I joined the throng and, pushing forward, cried,
“Montefiore!” with the rest, and vied
  In efforts to caress the hand that ne’er
To want and worth had charity denied.
 
So closely round him swarmed our shouting clan
He scarce could breathe, and, taking from a pan
  A gleaming coin, he tossed it o’er our heads,
And in a moment was a lonely man!
 
 
Presentiment
 
 
WITH saintly grace and reverent tread
    She walked among the graves with me;
    Her every footfall seemed to be
A benediction on the dead.
 
The guardian spirit of the place
    She seemed, and I some ghost forlorn,
    Surprised by the untimely morn
She made with her resplendent face.
 
Moved by some waywardness of will,
    Three paces from the path apart
    She stepped and stood—my prescient heart
Was stricken with a passing chill.
 
My child-lore of the years agone
    Remembering, I smiled and thought,
    “Who shudders suddenly at naught,
His grave is being trod upon.”
 
But now I know that it was more
    Than idle fancy. O, my sweet,
    I did not know such little feet
Could make a buried heart so sore!
 
 
T. A. H.
 
 
YES, he was that, or that, as you prefer,—
Did so and so, though, faith, it was n’t all;
Lived like a fool, or a philosopher,
And had whatever’s needful to a fall.
As rough inflections on a planet merge
In the true bend of the gigantic sphere,
Nor mar the perfect circle of its verge,
So in the survey of his worth the small
Asperities of spirit disappear,
Lost in the grander curves of character.
He lately was hit hard; none knew but I
The strength and terror of that ghastly stroke,—
Not even herself. He uttered not a cry,
But set his teeth and made a revelry;
Drank like a devil,—staining sometimes red
The goblet ’s edge; diced with his conscience; spread,
Like Sisyphus, a feast for Death, and spoke
His welcome in a tongue so long forgot
That even his ancient guest remembered not
What race had cursed him in it.

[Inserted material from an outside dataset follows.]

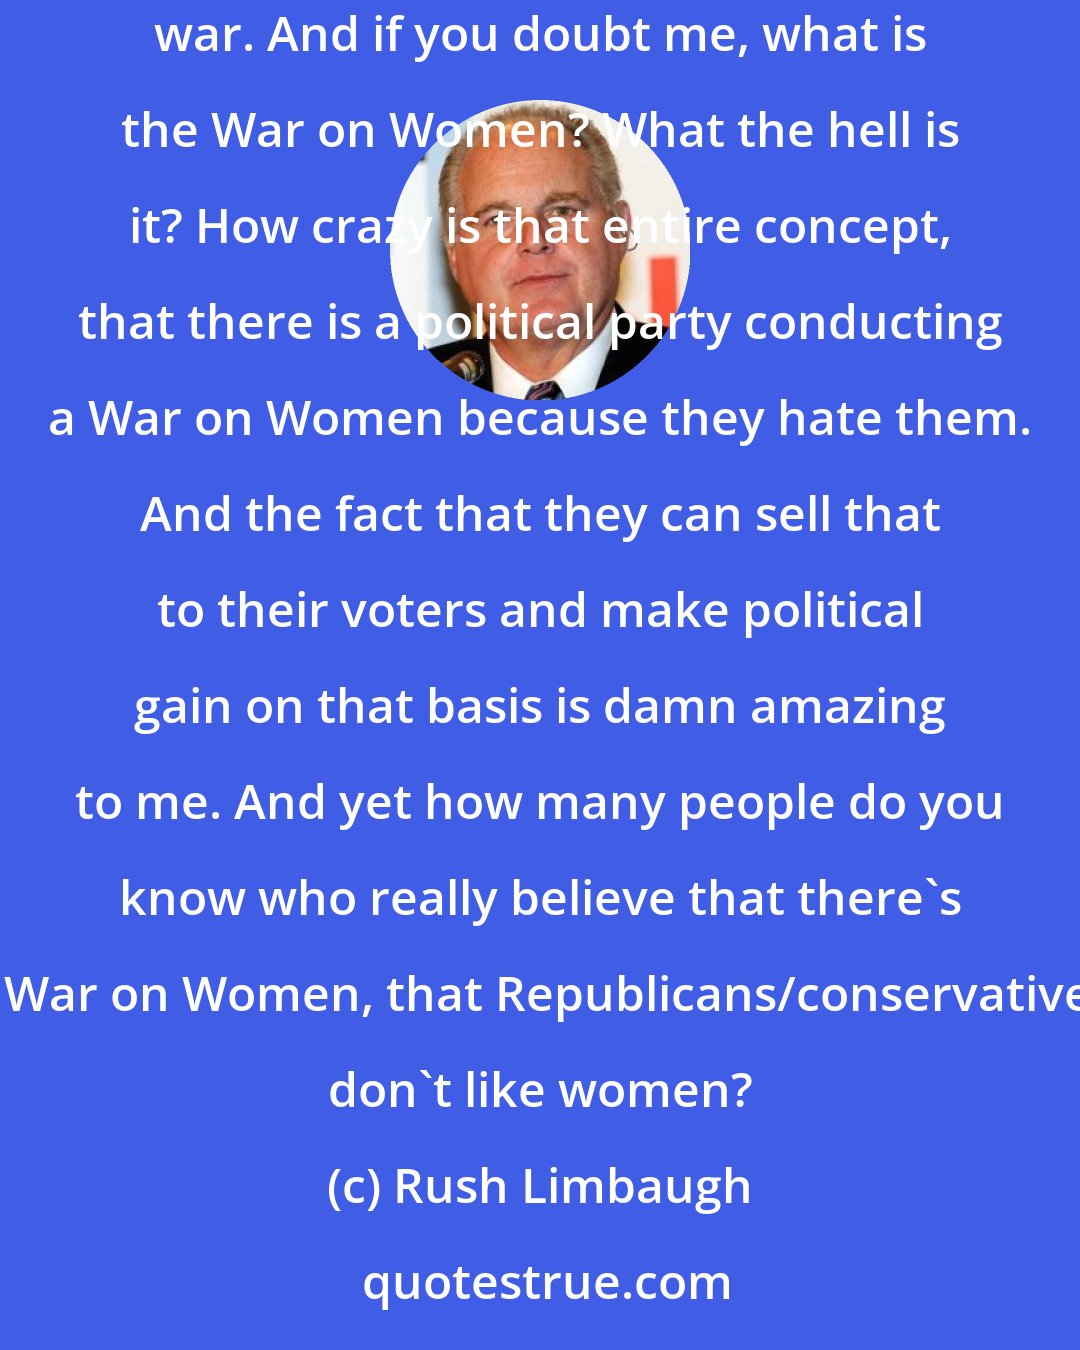 Rush Limbaugh: The left have taken a really beautiful thing, male-female relationships, and turned them into a battle, a political battle, an ideological war. And if you doubt me, what is the War on Women? What the hell is it? How crazy is that entire concept, that there is a political party conducting a War on Women because they hate them. And the fact that they can sell that to their voters and make political gain on that basis is damn amazing to me. And yet how many people do you know who really believe that there's a War on Women, that Republicans/conservatives don't like women?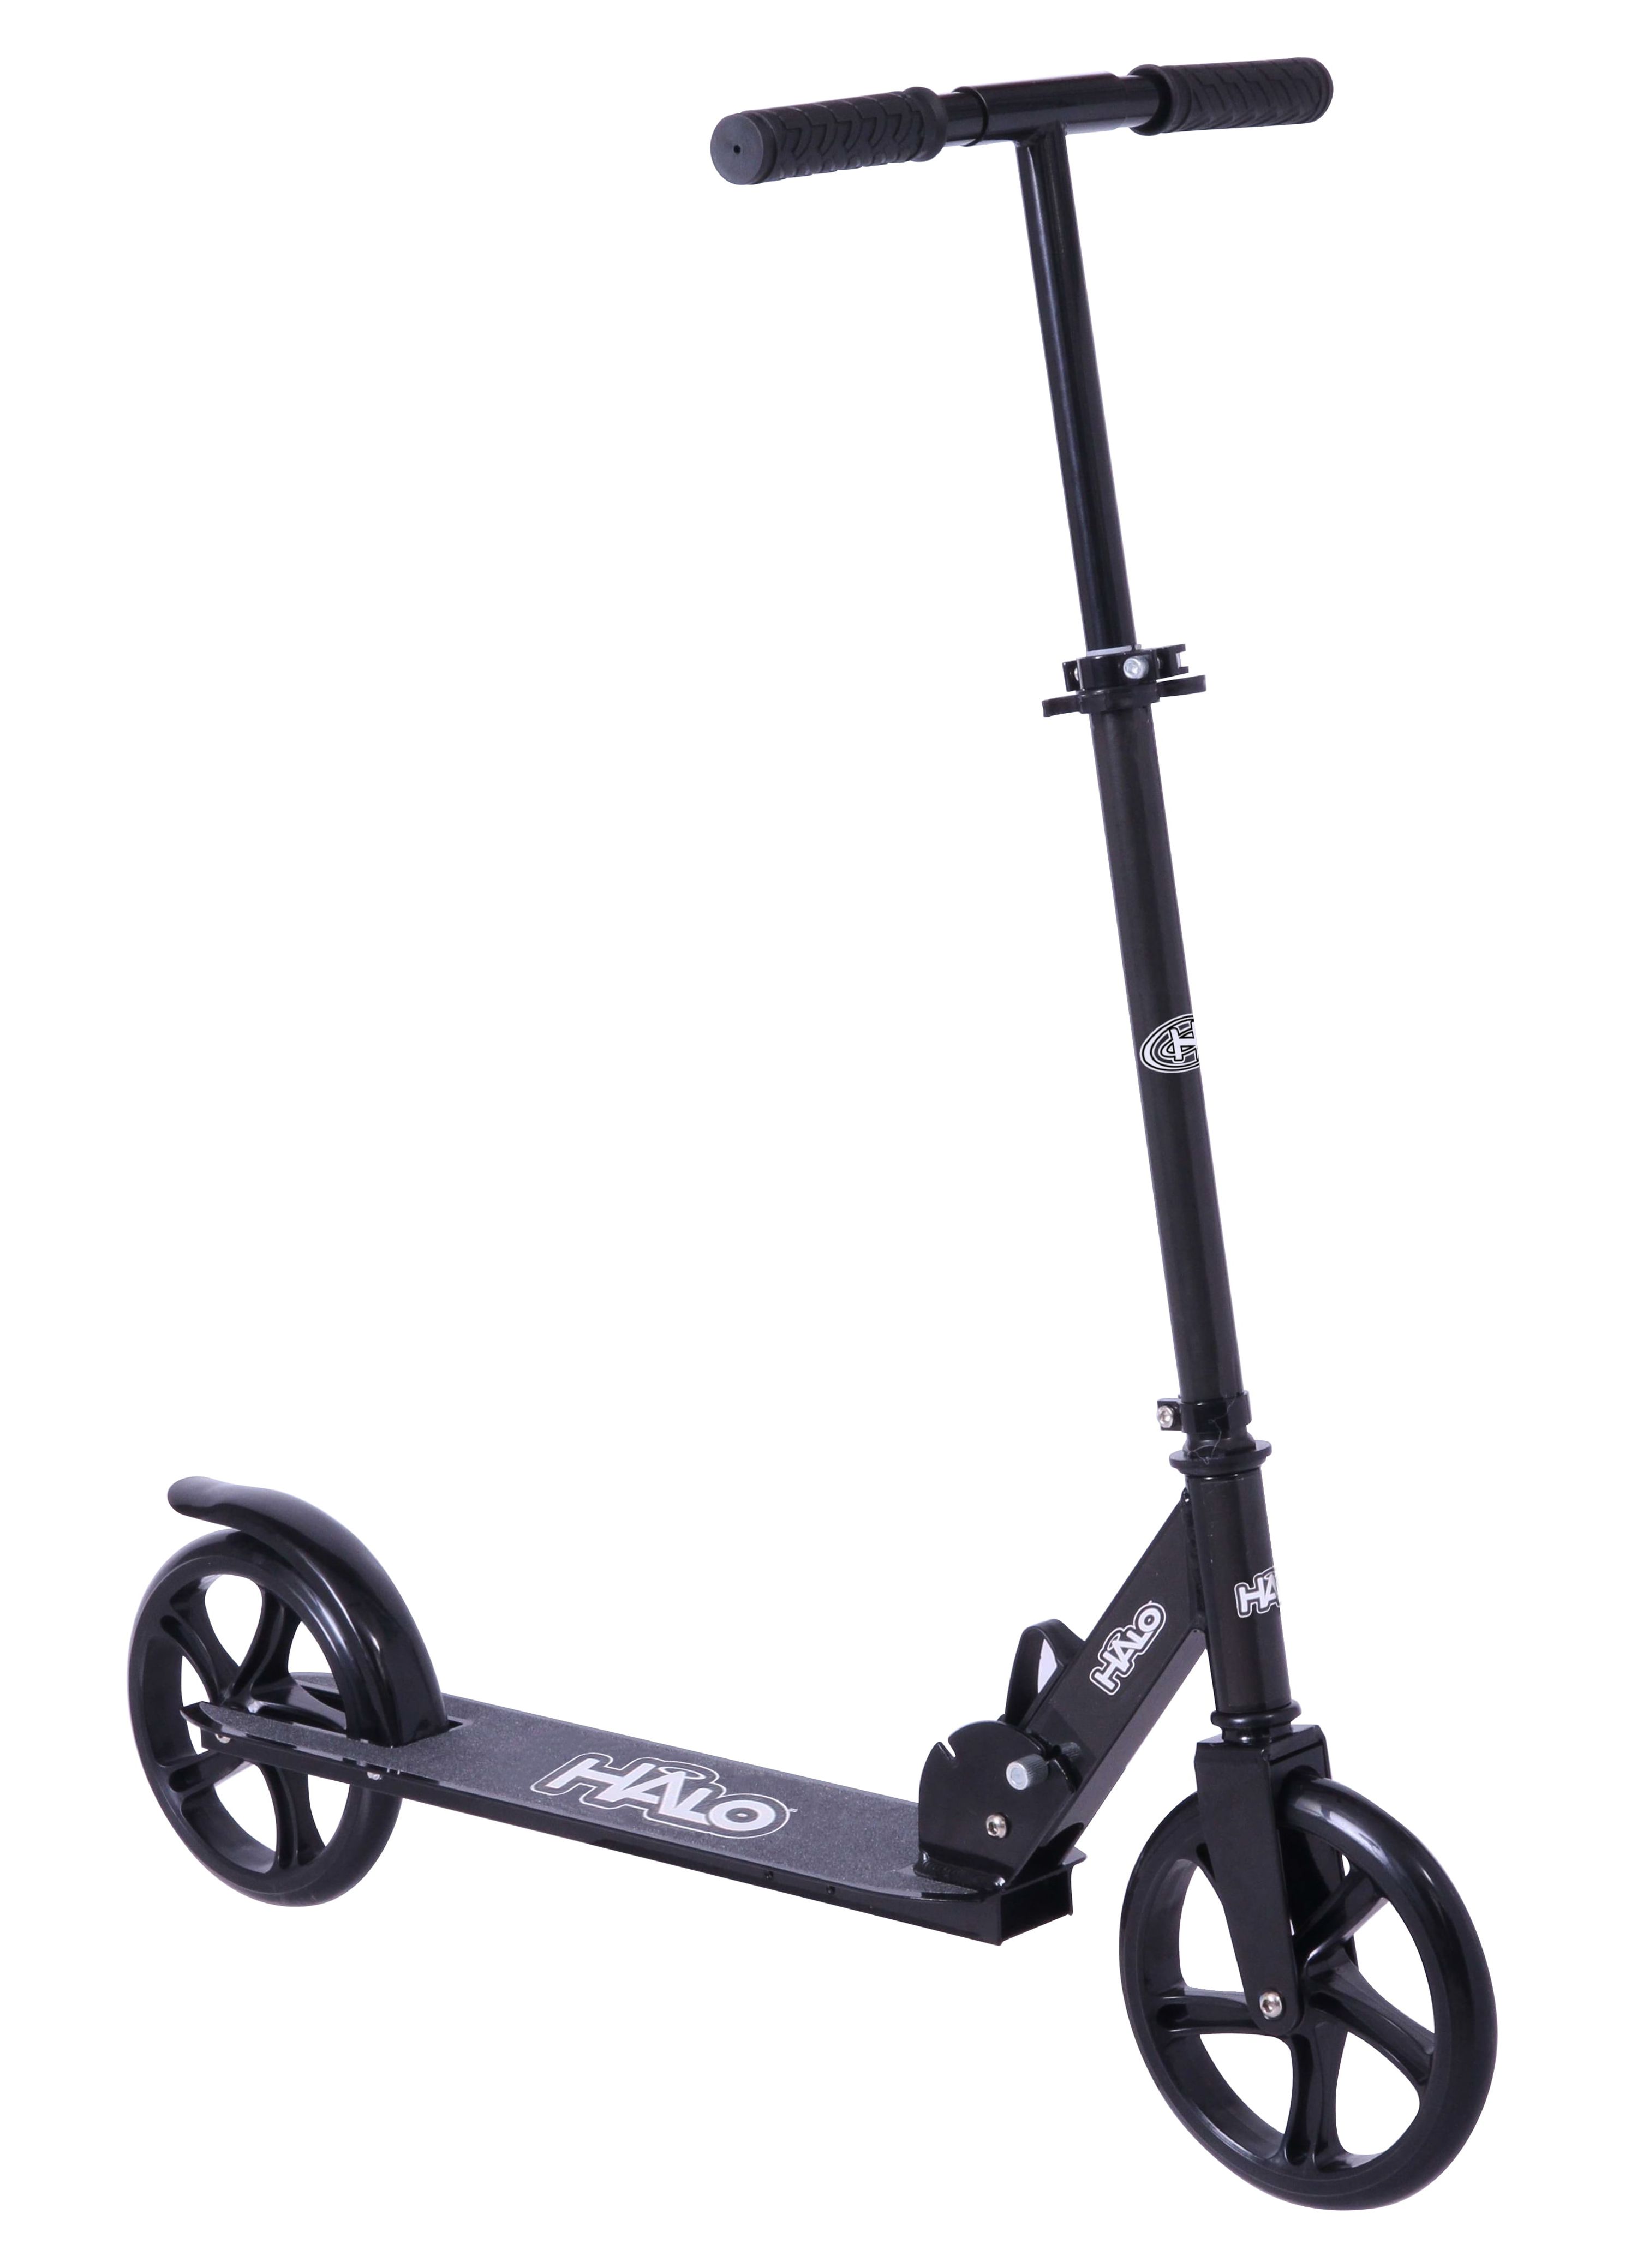 HALO Rise Above Supreme Big Wheel (8") Scooters - For Adults and Kids - Unisex - Commuting Made Easy - image 1 of 14

Thus my friend,
Still conjugating with each failing sense
The verb “to die” in every mood and tense,
Pursued his awful humor to the end.
When, like a stormy dawn, the crimson broke
From his white lips, he smiled and mutely bled,
And, having meanly lived, is grandly dead.
 
 
The Bride
 
 
“YOU know, my friends, with what a brave carouse
I made a second marriage in my house,—
  Divorced old barren Reason from my bed
And took the Daughter of the Vine to spouse.”
 
So sang the Lord of Poets. In a gleam
Of light that made her like an angel seem,
  The Daughter of the Vine said: “I myself
Am Reason, and the Other was a Dream.”
 
 
The Death of Grant
 
 
FATHER! whose hard and cruel law
    Is part of thy compassion’s plan,
    Thy works presumptuously we scan
For what the prophets say they saw.
 
Unbidden still, the awful slope
    Walling us in, we climb to gain
    Assurance of the shining plain
That faith has certified to hope.
 
In vain: beyond the circling hill
    The shadow and the cloud abide;
    Subdue the doubt, our spirits guide
To trust the Record and be still;
 
To trust it loyally as he
    Who, heedful of his high design,
    Ne’er raised a seeking eye to thine,
But wrought thy will unconsciously,
 
Disputing not of chance or fate,
    Nor questioning of cause or creed:
    For anything but duty’s deed
Too simply wise, too humbly great.
 
The cannon syllabled his name;
    His shadow shifted o’er the land,
    Portentous, as at his command
Successive cities sprang to flame!
 
He fringed the continent with fire,
    The rivers ran in lines of light!
    Thy will be done on earth—if right
Or wrong he cared not to inquire.
 
His was the heavy hand, and his
    The service of the despot blade;
    His the soft answer that allayed
War’s giant animosities.
 
Let us have peace: our clouded eyes
    Fill, Father, with another light,
    That we may see with clearer sight
Thy servant’s soul in Paradise.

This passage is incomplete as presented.